All services communicate via internal Docker network with automatic service discovery. Prometheus monitors health metrics, Grafana visualizes performance, and automated backups run daily.
AI Infrastructure
Local AI deployment
Privacy-first AI architecture. All models run locally via Ollama—no data leaves your infrastructure. Cloud APIs (OpenAI, Claude) used only for non-sensitive workloads.
# Model routing logic
if task.sensitive_data:
model = "llama3.1:8b" # Local only
elif task.requires_code:
model = "deepseek-coder:6.7b"
elif task.context_length > 10000:
model = "claude-3.5-sonnet"
else:
model = "mistral:7b" # Fast default
Vector Database
RAG & semantic search
Weaviate vector database with 2.8M+ embeddings enables sub-100ms semantic search across millions of entities. Hybrid search combines vector similarity with keyword filtering for precision.
Embedding Pipeline: Documents chunked to 512 tokens → Voyage AI embeddings → Weaviate index → Redis cache hot queries. Nuculair uses this for instant profile context retrieval across 300+ data sources.
Hybrid Search: Vector similarity (cosine distance) + BM25 keyword matching + metadata filters. Weighted fusion algorithm combines scores for optimal relevance ranking.
Workflow Orchestration
n8n automation platform
150+ n8n workflows handle data ingestion, processing, and delivery. 8,500+ daily executions power OSINT aggregation, security scanning, and AI model orchestration.
OSINT Workflows
- Social media scraping (120+ platforms)
- Professional network aggregation (80+ sources)
- Public records collection (60+ databases)
- Real-time alerts & monitoring
- Data enrichment pipelines
Security Automation
- Scheduled vulnerability scans
- CVE database synchronization
- Exploit code generation triggers
- Remediation report delivery
- False positive filtering
AI Orchestration
- Model selection routing
- Prompt template management
- Response quality validation
- Context aggregation
- Embedding generation batch jobs
Frequently Asked Questions
Infrastructure FAQ
What infrastructure powers these AI systems?
The production stack runs on Docker Swarm orchestrating containers across multiple nodes. Core services include Ollama for local AI model inference, PostgreSQL for relational data, Neo4j for graph relationships, Redis for caching, and FastAPI/Python backends with React/Next.js frontends.
Why Docker Swarm instead of Kubernetes?
Docker Swarm provides sufficient orchestration while dramatically reducing operational complexity.
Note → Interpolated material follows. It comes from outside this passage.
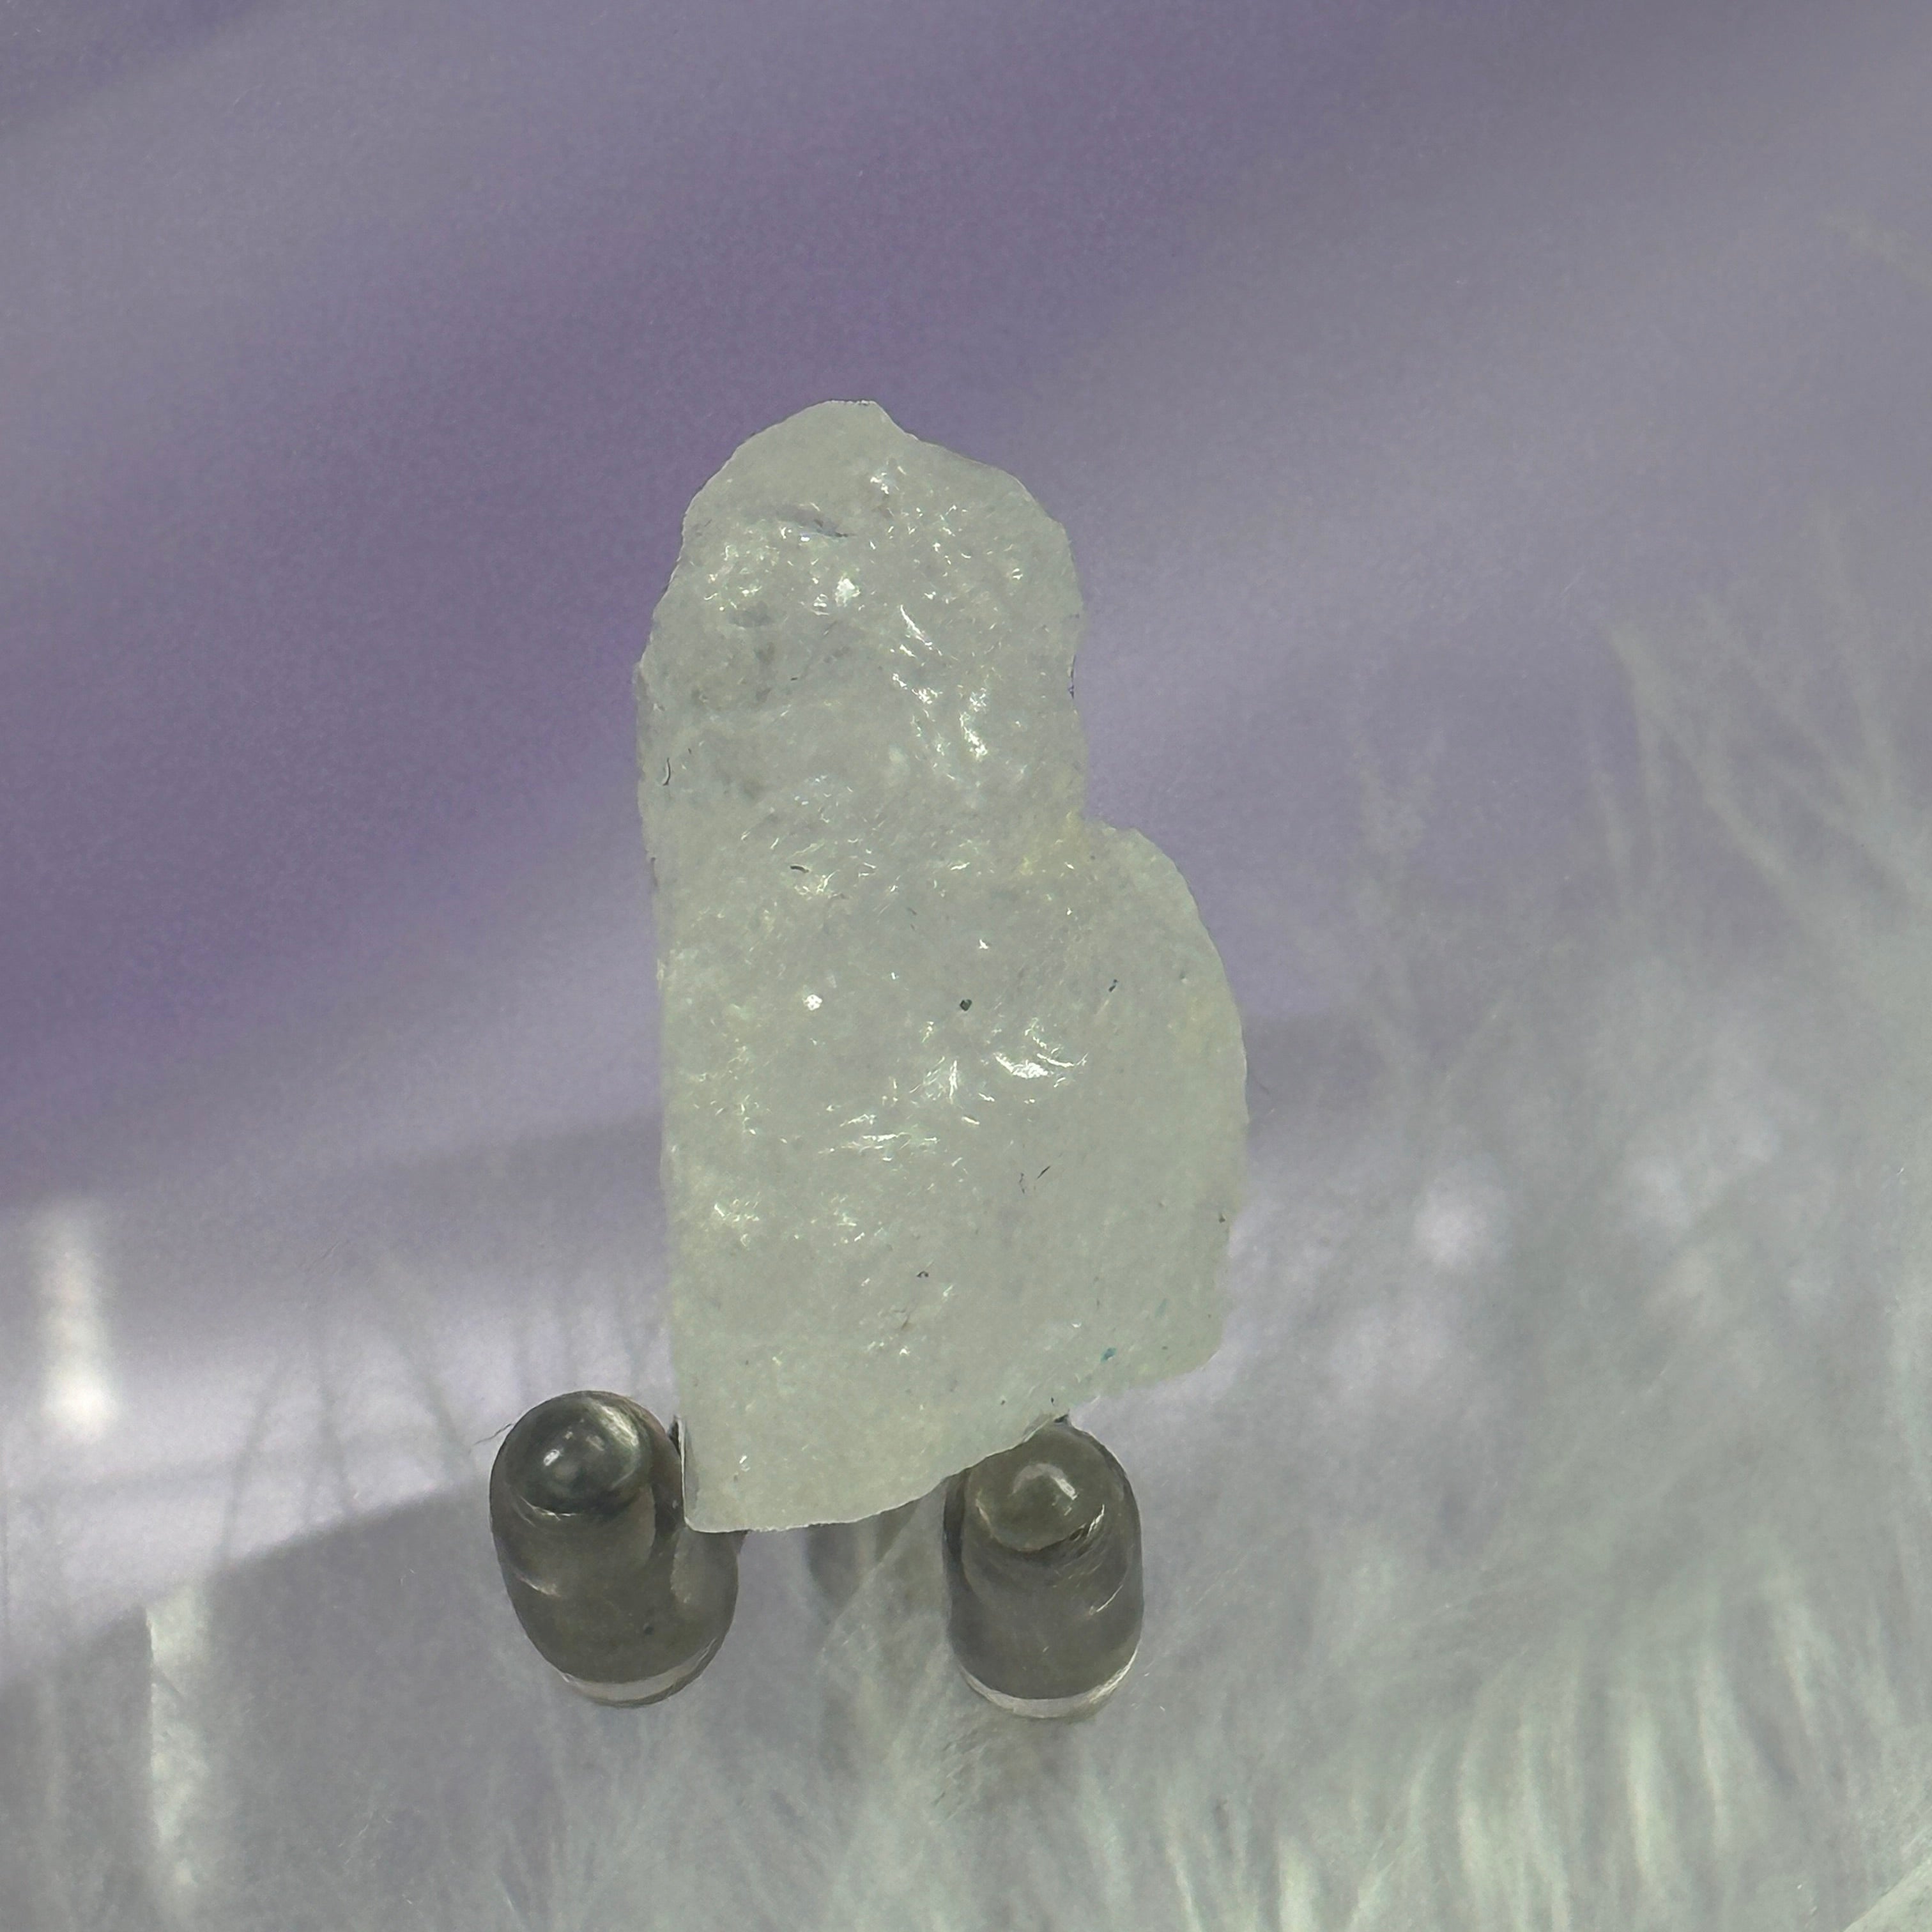 Rare small natural piece Petalite crystal from Minas Gerias 6.6g SN55233

For single-team operations running fewer than 50 services, Swarm's native Docker integration and lower resource overhead outweigh Kubernetes' advanced scheduling.
How are local AI models deployed in production?
Ollama serves as the local model runtime, hosting quantized versions of Llama 3.1 and Mistral. A routing layer directs security-sensitive inference to local models and generic tasks to cloud APIs.
What database strategy supports both OSINT and security?
A polyglot persistence strategy: PostgreSQL for structured records, Neo4j for entity relationships, Redis for sub-millisecond caching, and vector stores for semantic search across 2.8 million embeddings.
How is monitoring handled?
Prometheus collects metrics, Grafana provides dashboards, and custom alerting monitors AI model latency, inference quality scores, and resource utilization.